Keep the pictures out while you transcribe the listing below exactly.

**Input data**
****
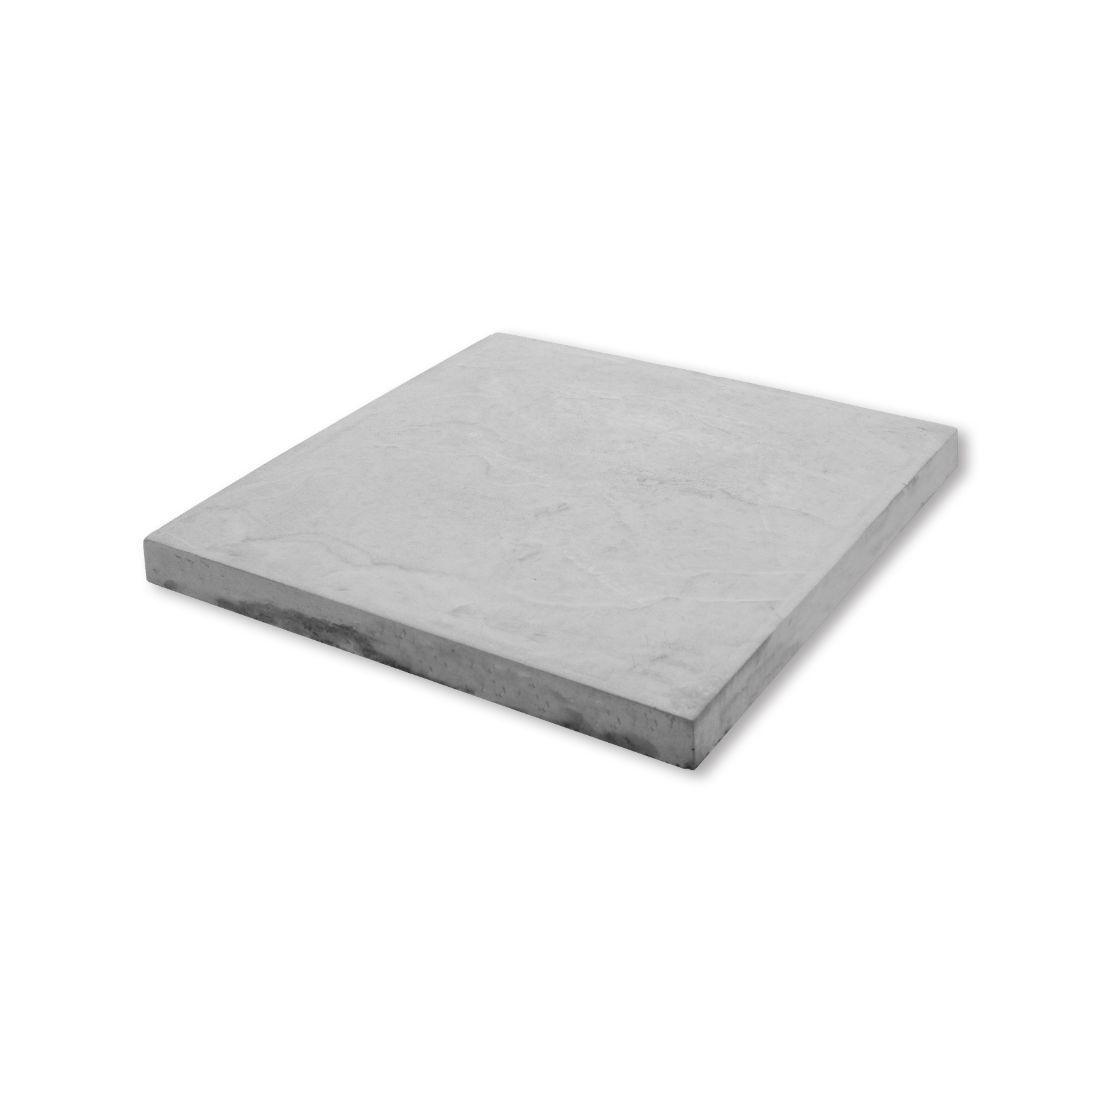 Romani Concrete Paver 300 x 300 x 37mm Natural Sands
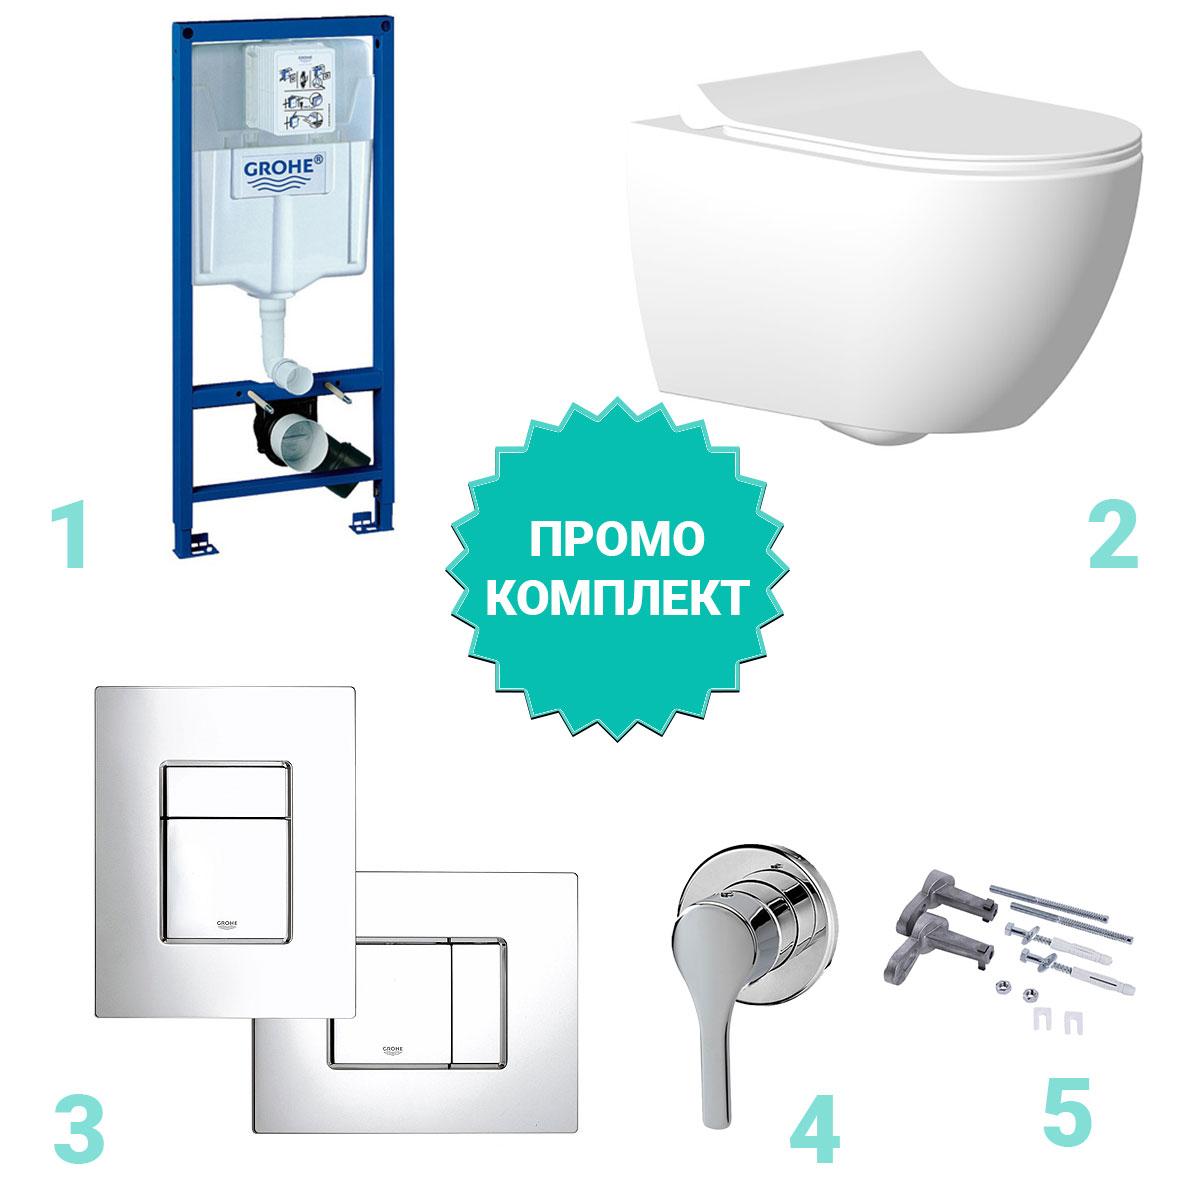 serel-promo-komplekt-5in1-vgrajdane-toaletna-chinia-52cm-bide-new-slim-soft-vera-01
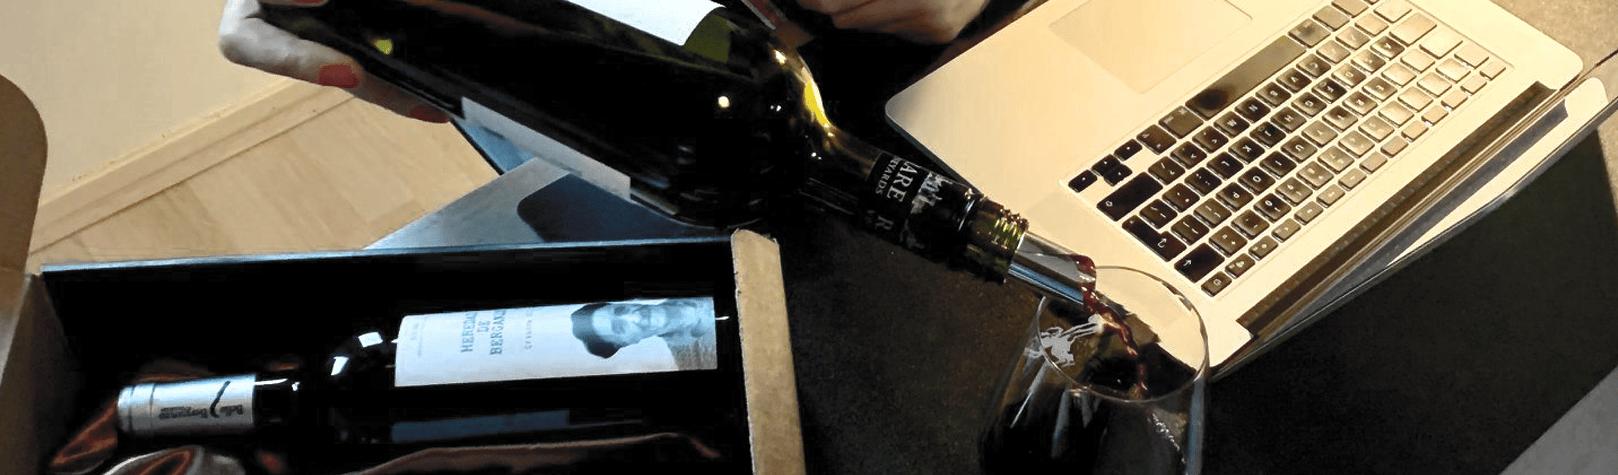 Heb jij ooit online wijn geproefd?
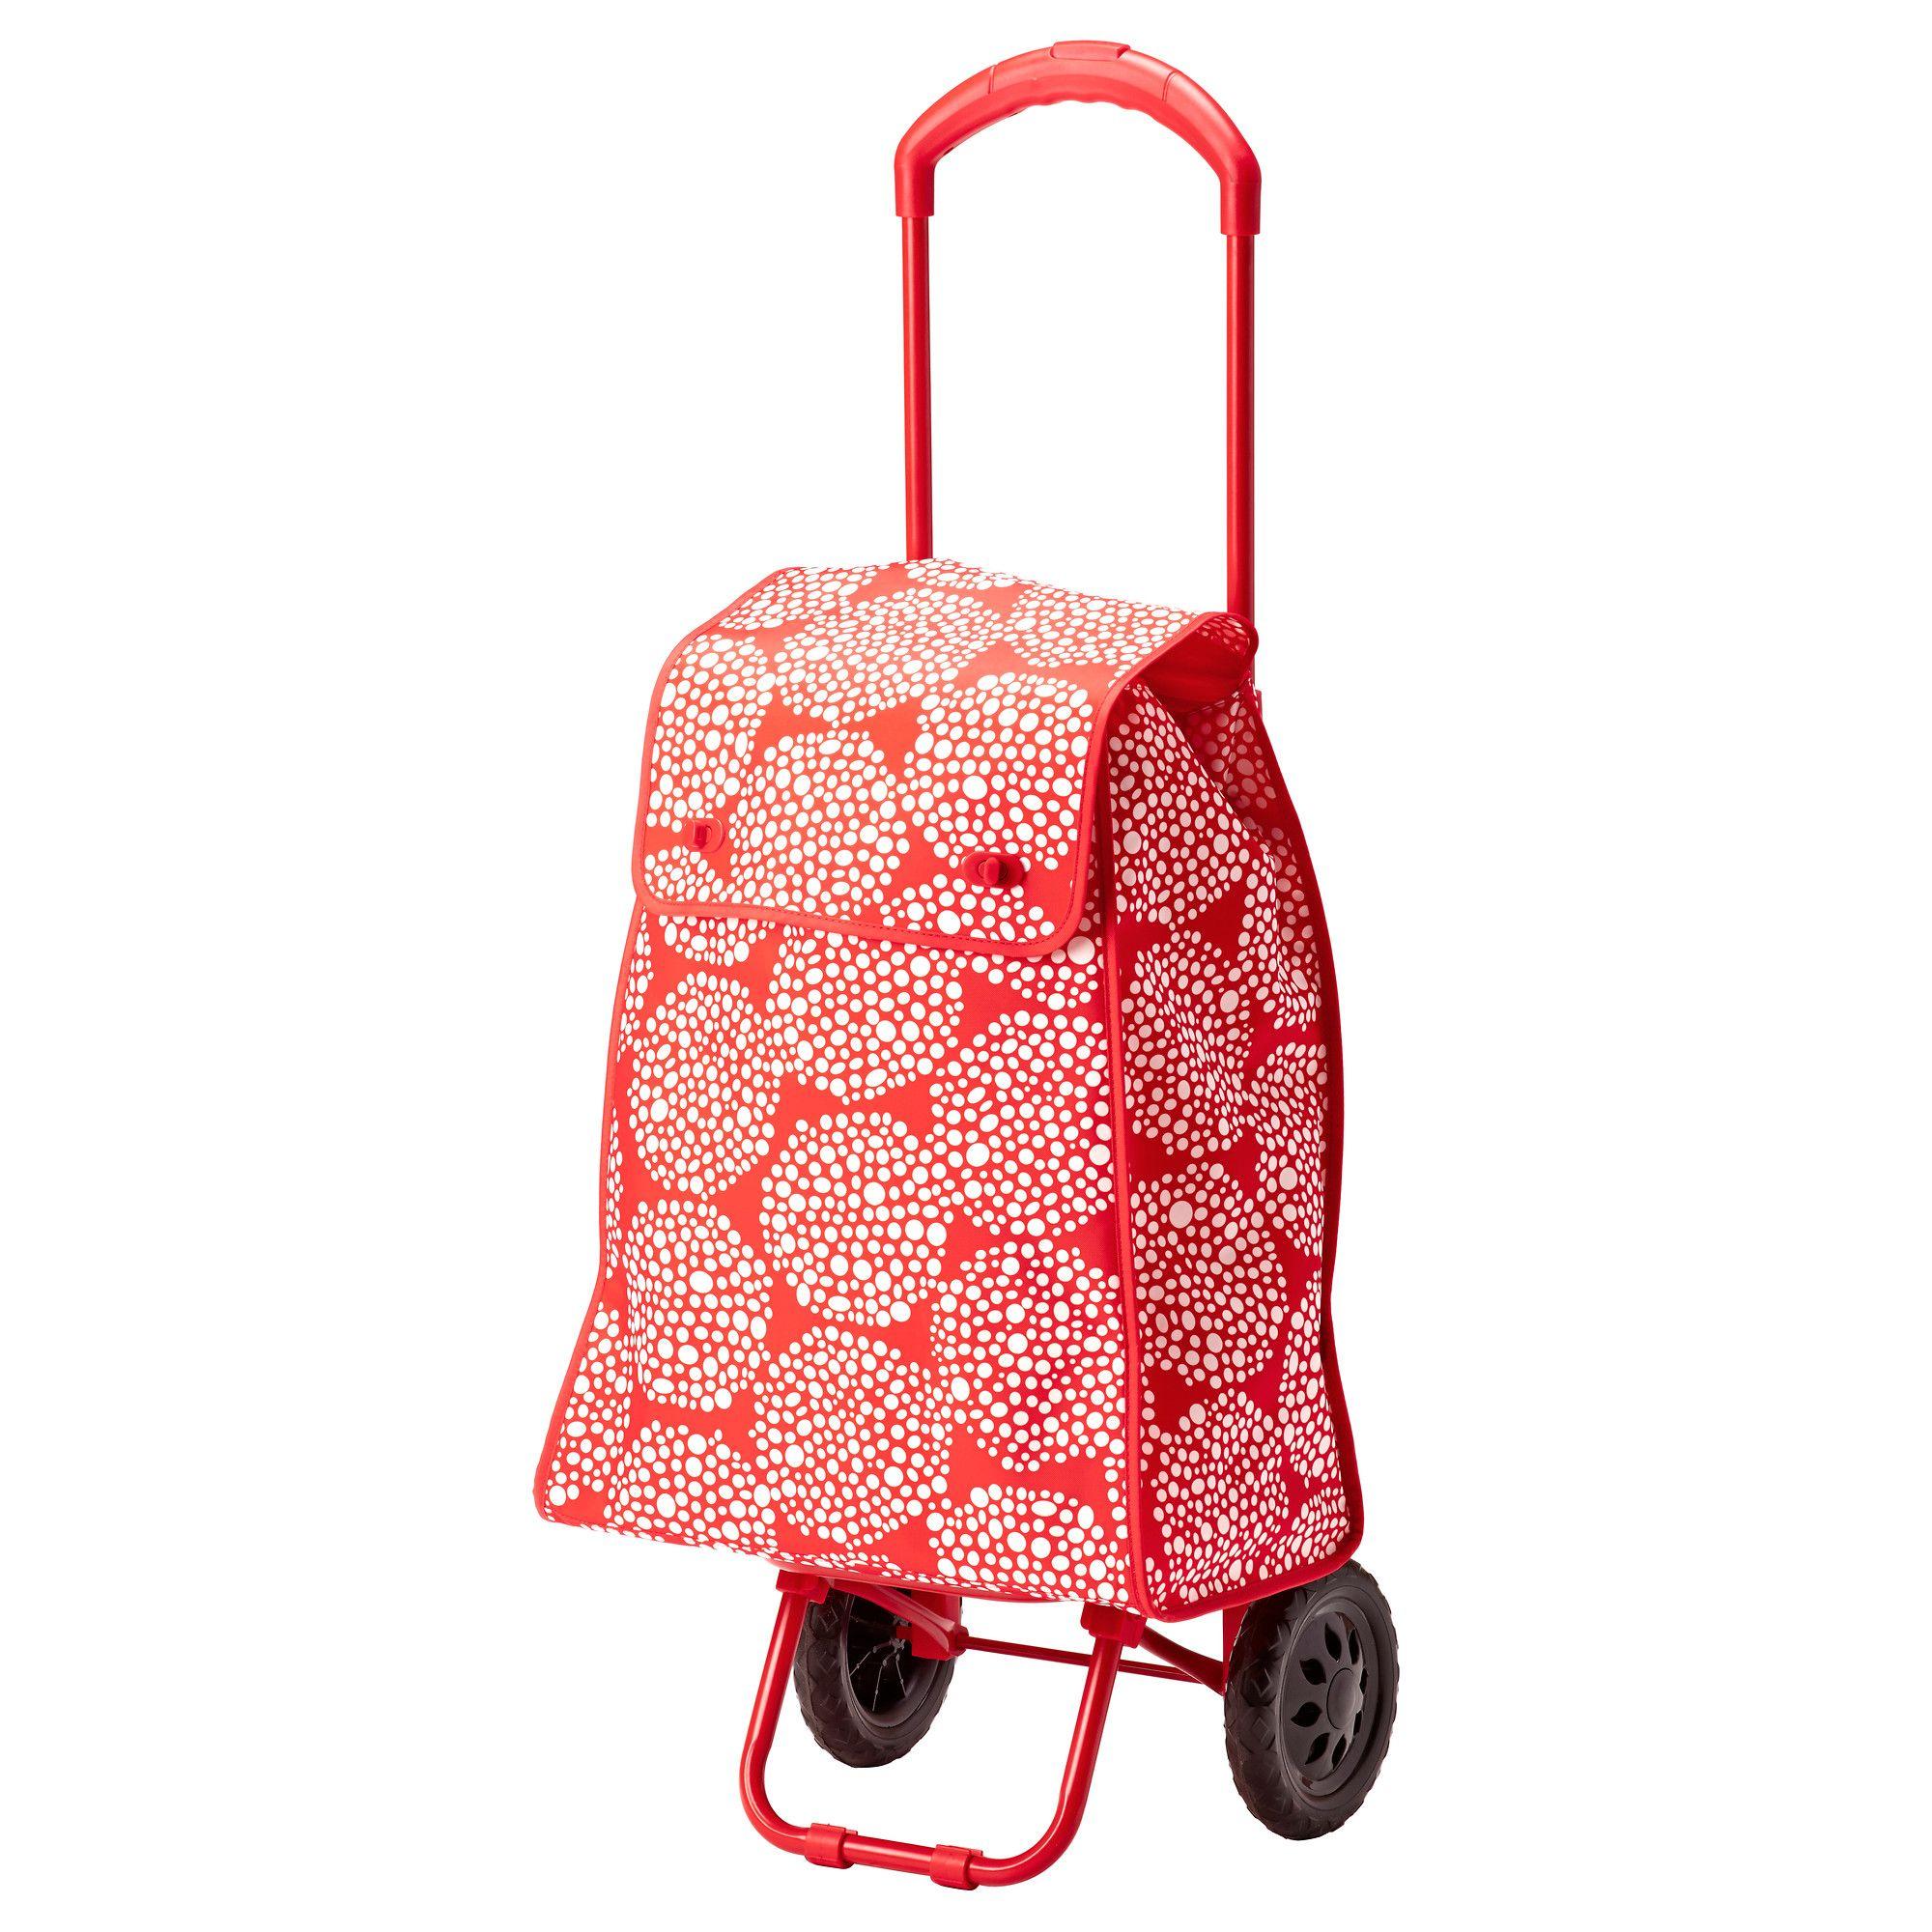 IKEA - KNALLA, Einkaufsroller, rot/weiß, , Der Einkaufsroller lässt sich flach zusammenlegen und daher leicht verstauen.Dank der abnehmbaren Innentasche und dem Schlüsselhaken sind Mobiltelefon, Schlüsselbund und Geldbeutel schnell griffbereit.Der Griff lässt sich in zwei Längen einstellen.Perfekt, um alles Mögliche zu transportieren - ob Schmutzwäsche, Vorräte oder Restmüll.Leicht zu reinigen - einfach mit einem feuchten Tuch abwischen.
****
**Written response**
 Romani Concrete Paver 300 x 300 x 37mm Natural Sands
 serel-promo-komplekt-5in1-vgrajdane-toaletna-chinia-52cm-bide-new-slim-soft-vera-01
 Heb jij ooit online wijn geproefd?
 IKEA - KNALLA, Einkaufsroller, rot/weiß, , Der Einkaufsroller lässt sich flach zusammenlegen und daher leicht verstauen.Dank der abnehmbaren Innentasche und dem Schlüsselhaken sind Mobiltelefon, Schlüsselbund und Geldbeutel schnell griffbereit.Der Griff lässt sich in zwei Längen einstellen.Perfekt, um alles Mögliche zu transportieren - ob Schmutzwäsche, Vorräte oder Restmüll.Leicht zu reinigen - einfach mit einem feuchten Tuch abwischen.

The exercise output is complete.